Two Structurally Independent Domains of E. coli NusG Create Regulatory Plasticity via Distinct Interactions with RNA Polymerase and Regulators

Abstract

NusG is a conserved regulatory protein that interacts with elongation complexes (ECs) of RNA polymerase, DNA, and RNA to modulate transcription in multiple and sometimes opposite ways. In Escherichia coli, NusG suppresses pausing and increases elongation rate, enhances termination by E. coli ρ and phage HK022 Nun protein, and promotes antitermination by λN and in ribosomal RNA operons. We report NMR studies that suggest that E. coli NusG consists of two largely independent N- and C-terminal structural domains, NTD and CTD, respectively. Based on tests of the functions of the NTD and CTD and variants of NusG in vivo and in vitro, we find that NTD alone is sufficient to suppress pausing and enhance transcript elongation in vitro.
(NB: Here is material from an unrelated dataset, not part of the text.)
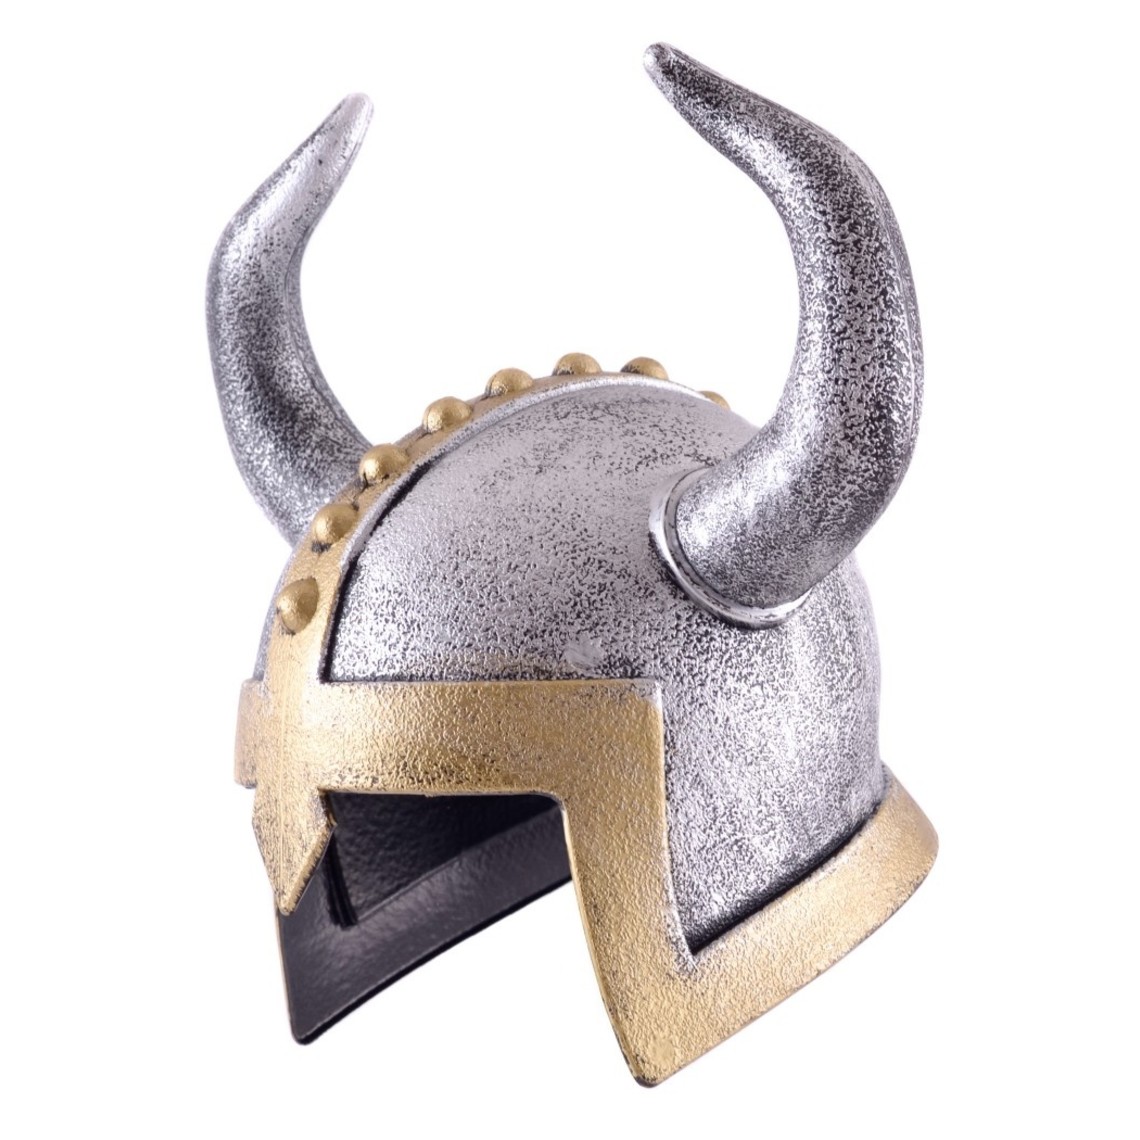 horned-viking-helmet-for-kids.jpg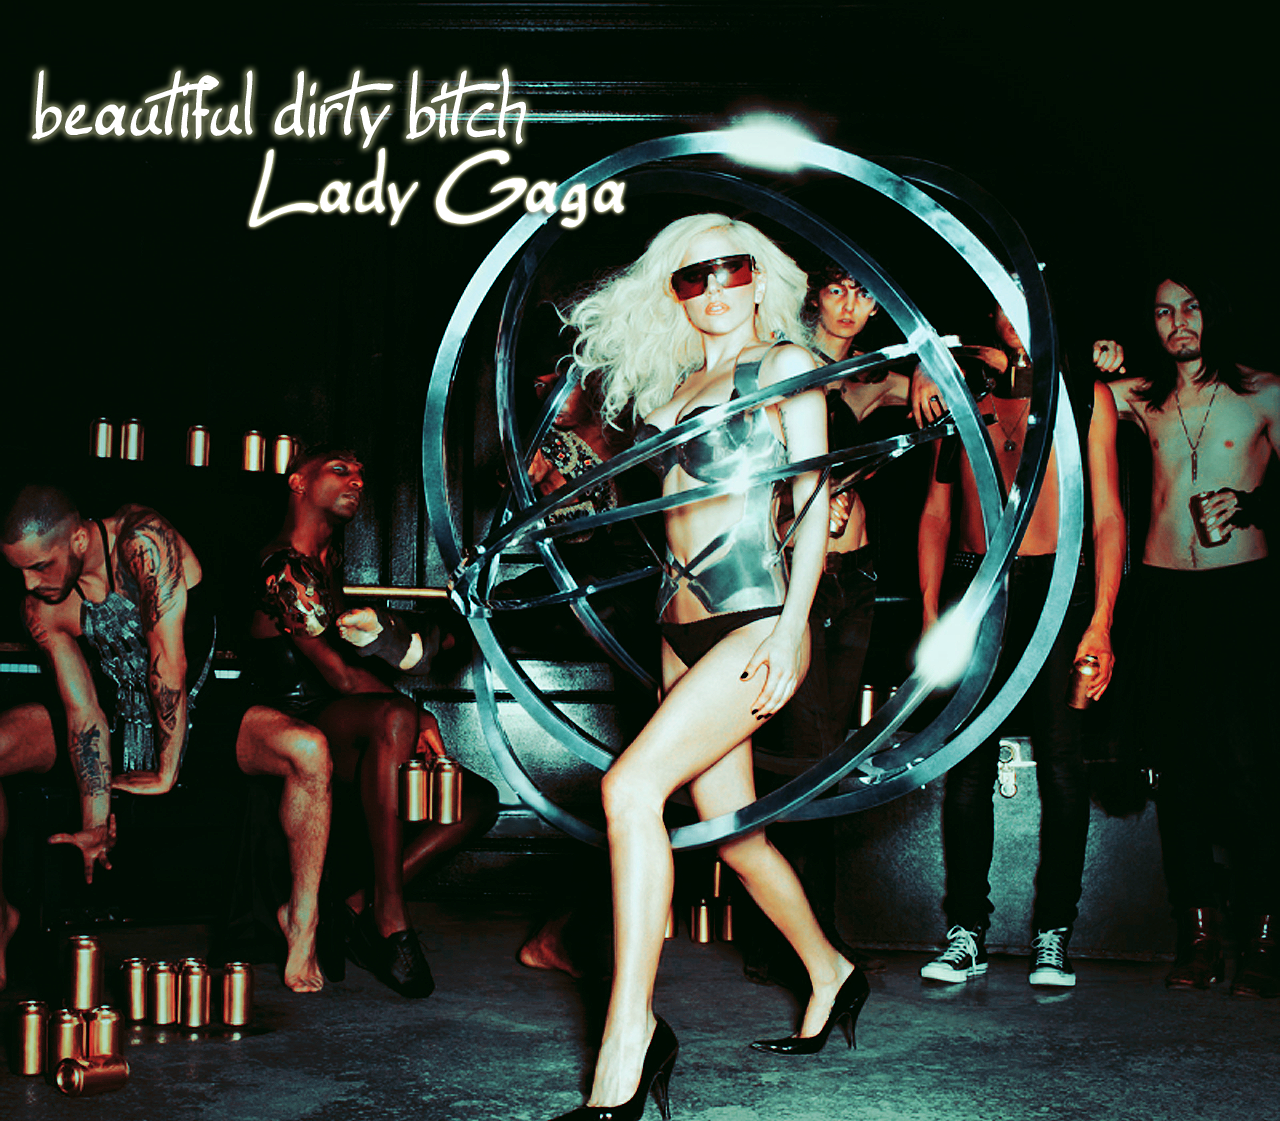 http://4.bp.blogspot.com/-51LjOK9dVBk/TncwLqzsWMI/AAAAAAAAAVM/DYFq5Jh9hU4/s1600/Lady_Gaga_Wallpaper_sexylove.png

However, neither domain alone can enhance ρ-dependent termination or support antitermination, indicating that interactions of both domains with ECs are required for these processes. We propose that the two domains of NusG mediate distinct interactions with ECs: the NTD interacts with RNA polymerase and the CTD interacts with ρ and other regulators, providing NusG with different combinations of interactions to effect different regulatory outcomes.